В скандинавской традиции, запечатленной в исландской «Старшей Эдде», мифологизированы даже ругательства. Один из героев «Первой песни о Хельги убийце Хундинга» — Синфьётли кричит перед боем своему врагу, что ранее он жил с ним в образе волка и прижил от него детей. Близкие по смыслу оскорбления звучат также в другой песне «Эдды» — «Перебранка Локи». Сюжет этой древнескандинавской брани, при всей его фантастичности, отталкивается от мифологических представлений, относившихся к волкам-оборотням. Согласно «Саге о Вольсунгах», Синфьётли пребывал какое-то время в образе волка, и, как указывают исследователи, сама тема ритуального оборотничества восходит к традициям союзов воинов-волков, которые имели место не только в Скандинавии, но и у других индоевропейских народов.[383]

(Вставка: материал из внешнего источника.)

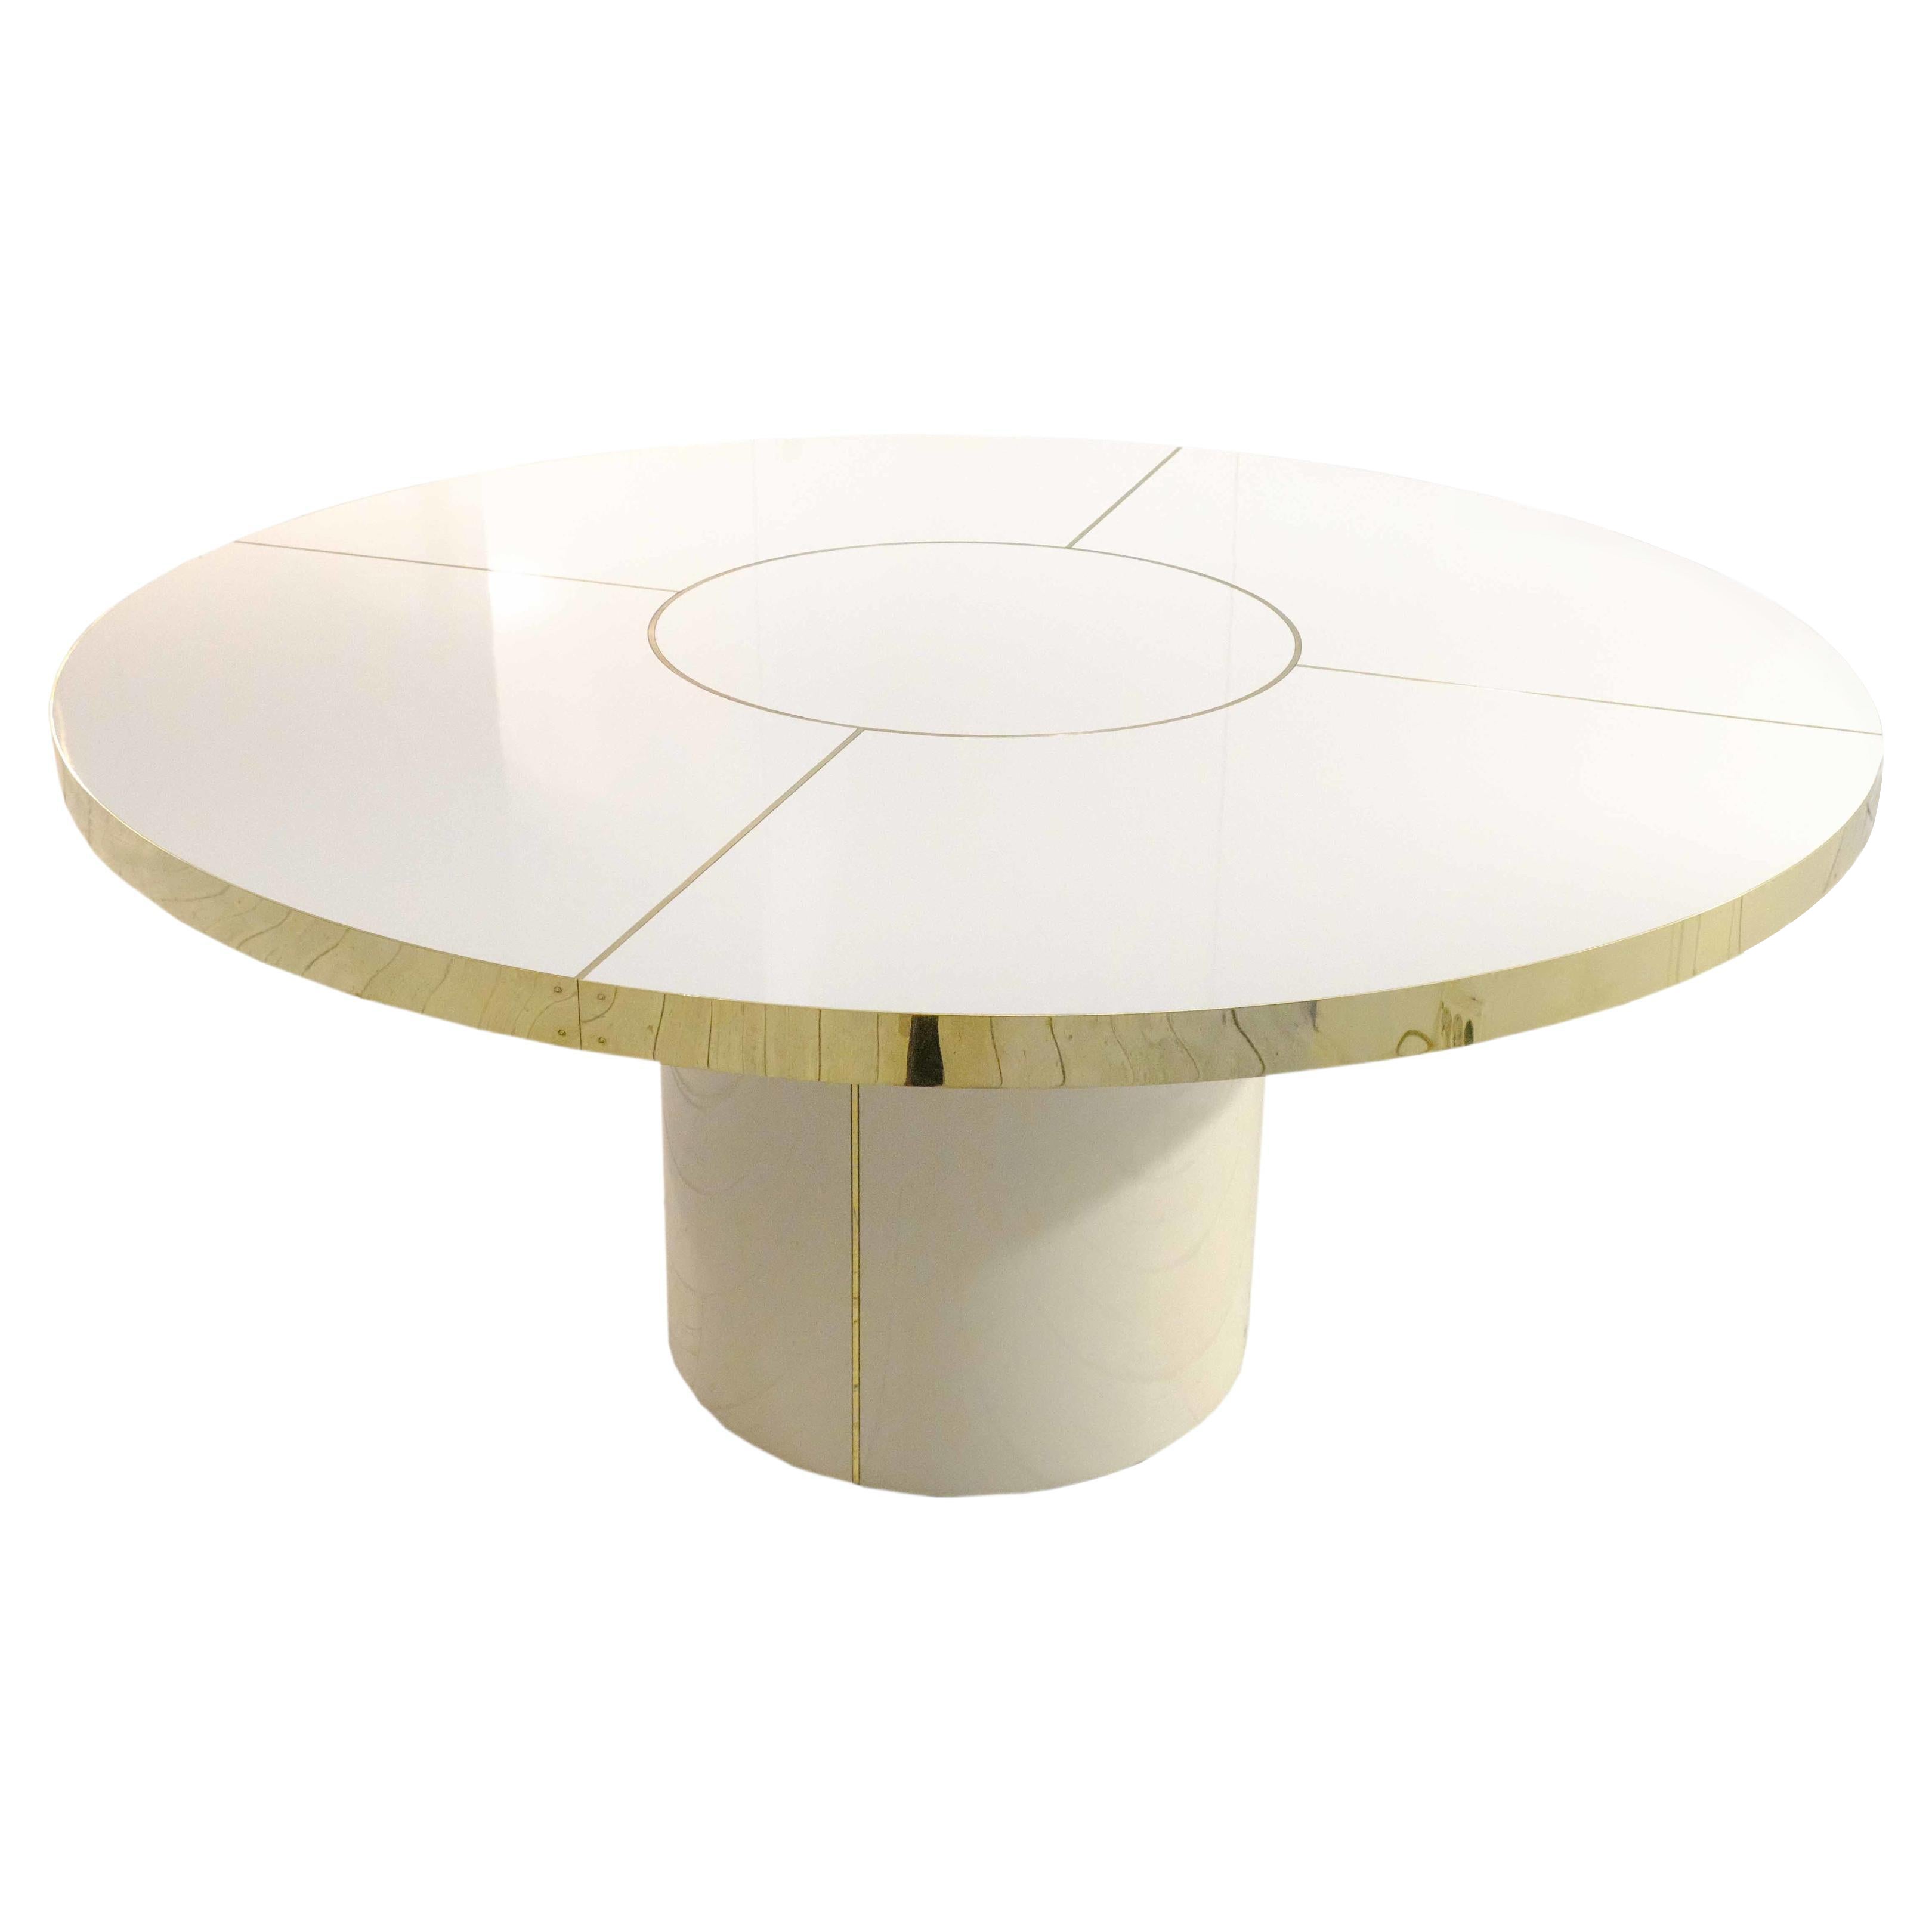 Retro Design Round Dining Table Palm Springs Style High Gloss Laminated&Brass L en vente

Обращение к скандинавским преданиям имеет особый смысл в свете неоднократно отмечавшихся тесных связей между древнерусской и скандинавскими социальными элитами. Закономерность тем более актуальная, что скандинавское влияние просматривается и в стилистике указанного граффито. Впрочем, «художник», процарапавший рядом с изображением пары фигуру змея, напоминающую о схожих скандинавских рисунках, был чужд каким-либо языческим воззрениям, но благочестиво взывал к Господу. Это позволяет понять смысл изображений змея и рогатого человека, т.е. черта, сделанных в качестве дополнения к изображению грешной пары. Фигуры черта и змея указывают на тему соблазнения Адама Евой, т.е. автор резюмировал таким образом свои впечатления от рисунка, сделанного его предшественником. Он хотел показать, что герои этого изображения, подобно Адаму и Еве, пали кознями врага рода человеческого, пославшего некогда змея-соблазнителя в райский сад.[384]

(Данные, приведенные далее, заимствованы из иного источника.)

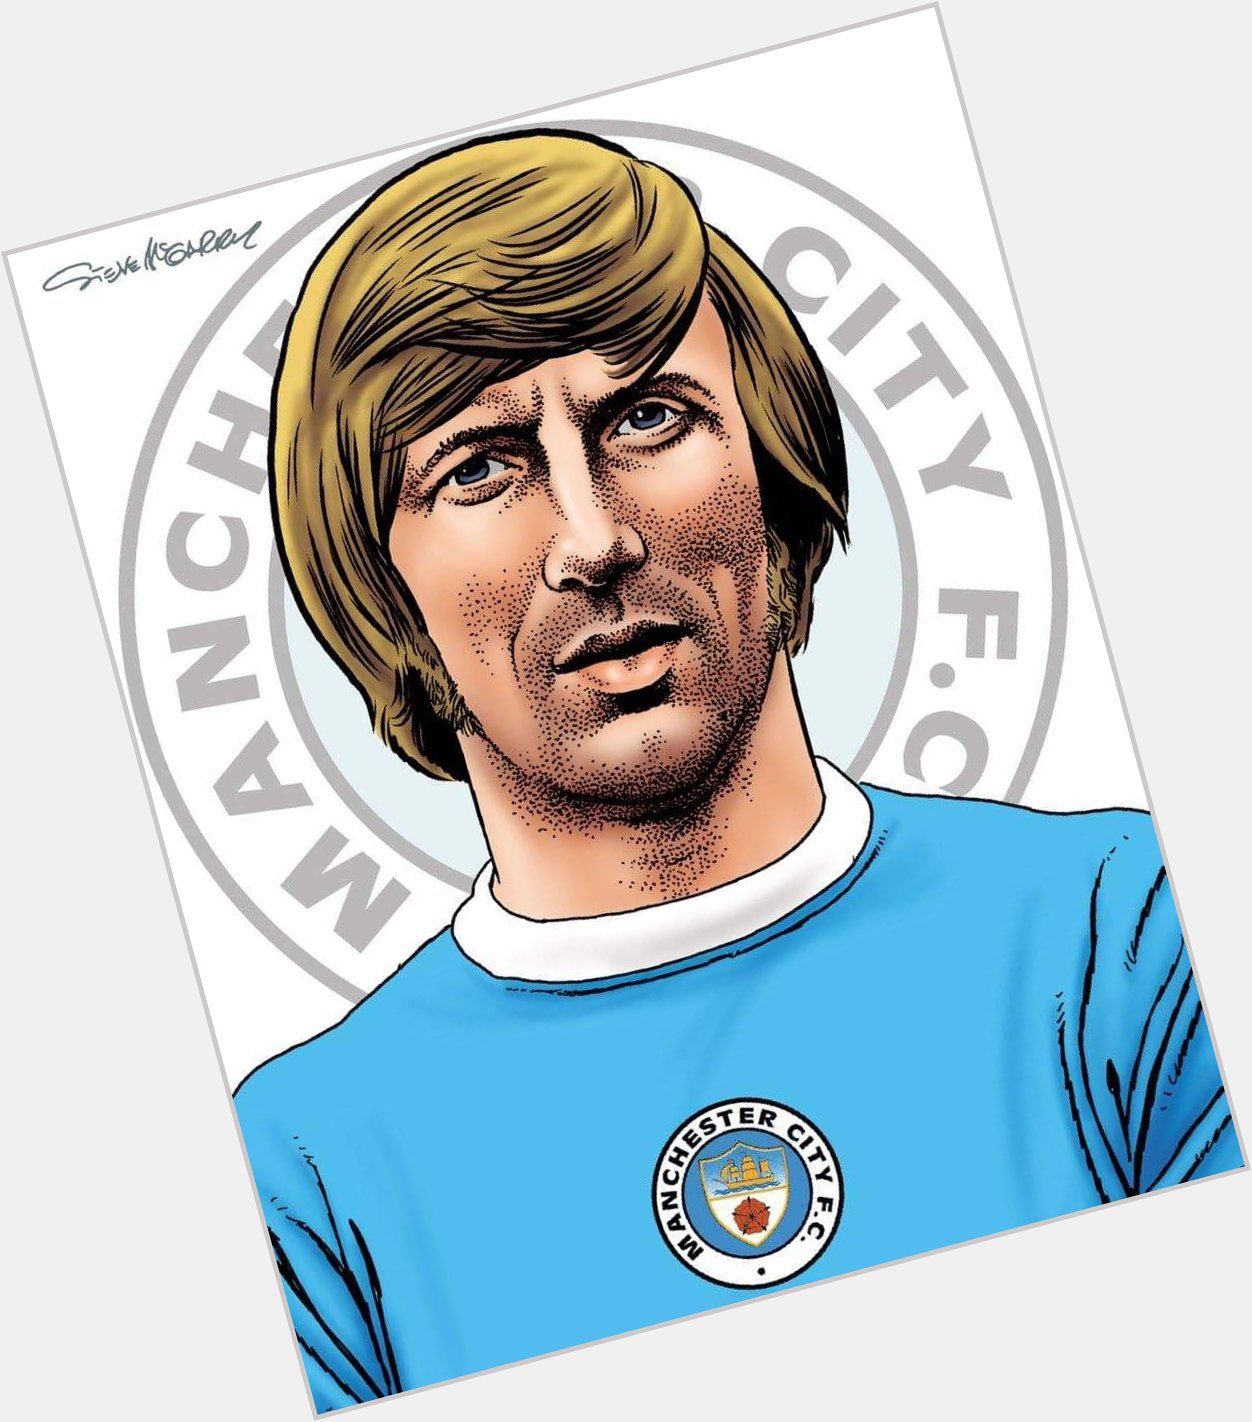 Happy birthday to legend Colin Bell

Имел ли в виду какой-то общеизвестный в то время сюжет и автор, запечатлевший изображение любовной пары? Если согласиться с выводами Лесмана, следует заключить, что его эротические фантазии вдохновляло какое-то верование, относящееся к демону-соблазнителю. Популярные в Западной Европе представления о таких существах, скрывающих свою сатанинскую природу за прекрасной женской внешностью, были знакомы и русской культуре. В одном из лечебников XVII столетия содержится даже рецепт от такого несчастья:
А коли с человеком чертовка живет, ино взяти перья павинаго и обвязати на себя по голому телу и носити перье подле себя или в мошне, опричь того пити вода или питье которое, а кладучи перье в ыное питье, а пити с того перья по 30 дней...[385]

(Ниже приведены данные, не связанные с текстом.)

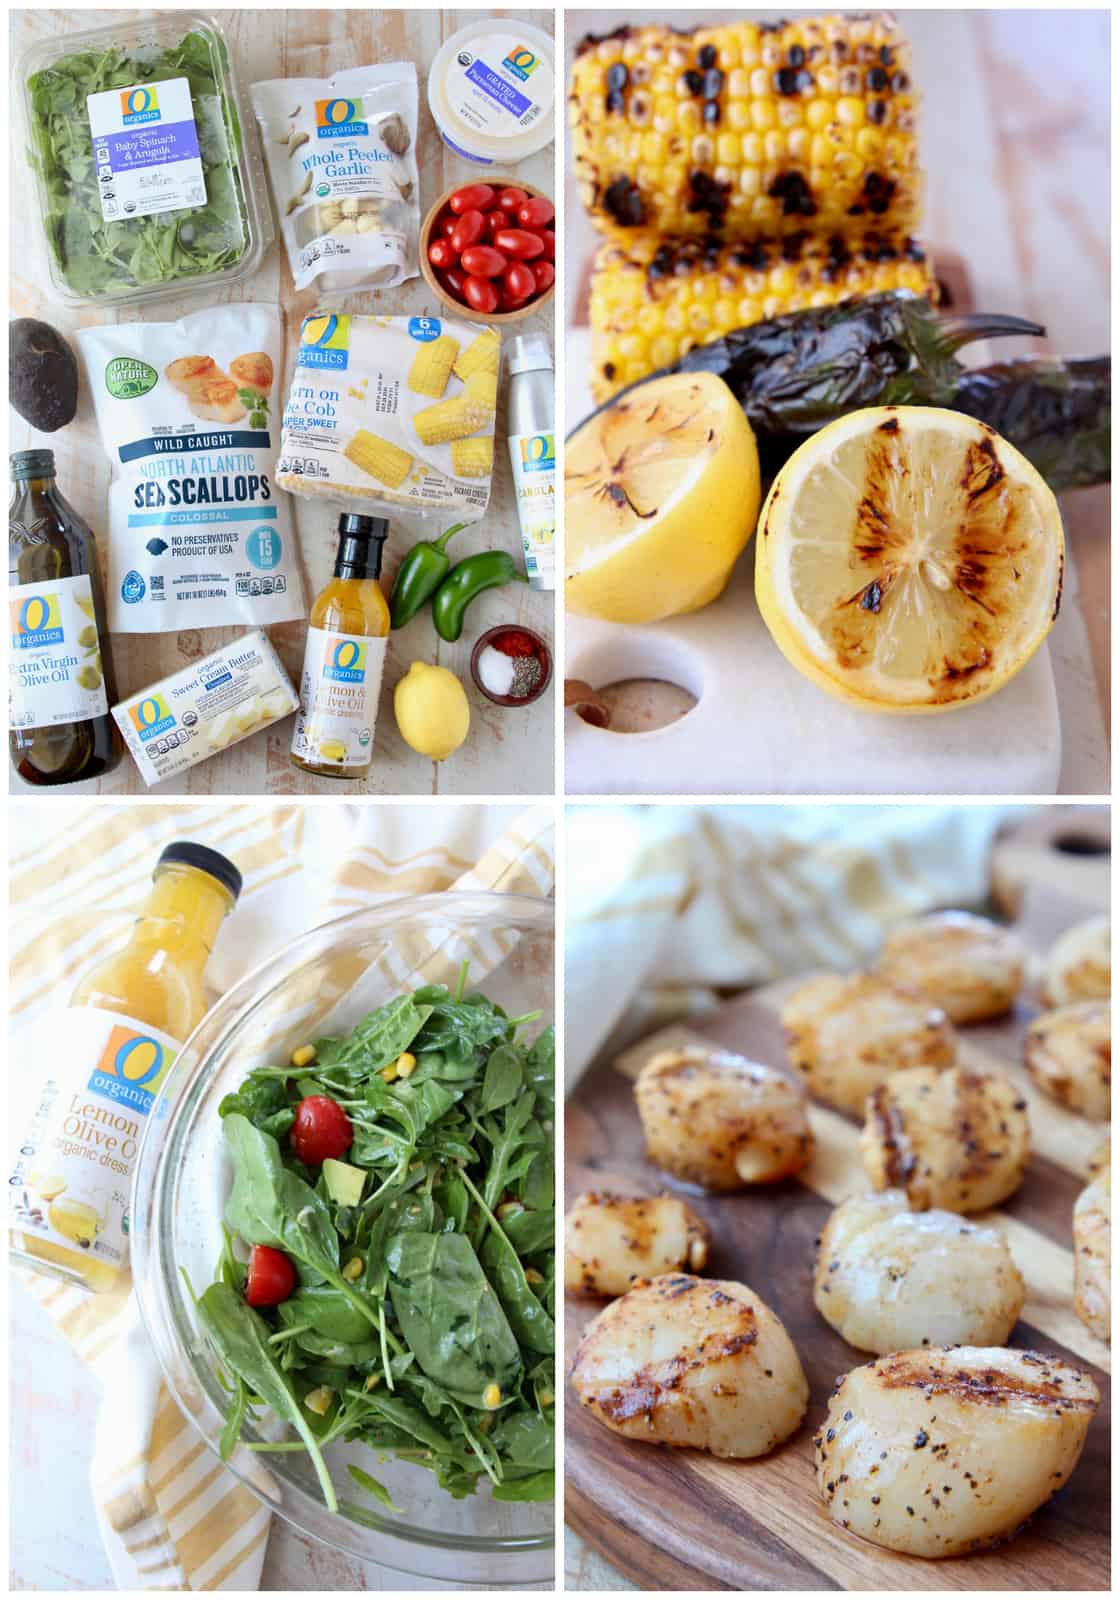 Collage of images showing the ingredients and how to make grilled scallops with a salad

Подобные представления хорошо известны в фольклоре западных и южных славян[386] и на Карпатах, где популярны истории о «лисовой пане» и «дикой бабе»[387]. Однако в русском фольклоре Нового времени такие истории практически неизвестны. Во Владимирской губернии рассказывали, правда, о женщинах-оборотнях, появлявшихся во время Святок, однако опасность они представляли не для молодых людей, но для девушек:
Оборотень святками является в виде девушки, чтобы заманивать девушек, сводить с парнями, которые угощают девушек, наконец, доходит и до половой связи, но случаев заедания до смерти не бывает.[388]
Истории жен-соблазнительниц упоминаются, как правило, в нравоучительной христианской литературе, подобной, например, «Беседе отца с сыном о женской злобе».[389] Этой традиции следовал и автор написанной в 70-х годах XVII века «Повести о Савве Грудцыне». Герой «Повести...» становится жертвой любовной магии, однако речь идет об обычной женщине, и в конечном итоге главным соблазнителем Саввы оказывается Сатана.
В народных преданиях рассказывается обычно о демоническом соблазнении не мужчин, но женщин, в качестве сверхъестественного любовника которых выступает огненный змей.[390] Судя по тому, что эти предания явились одним из источников вероятных средневековой «Повести о Петре и Февронии Муромских» (XVI век) и былины «Алеша Попович и Змей Тугарин»,[391] — образ змея-любовника исключительно древний, но к нашему граффито какого-либо отношения он не имеет.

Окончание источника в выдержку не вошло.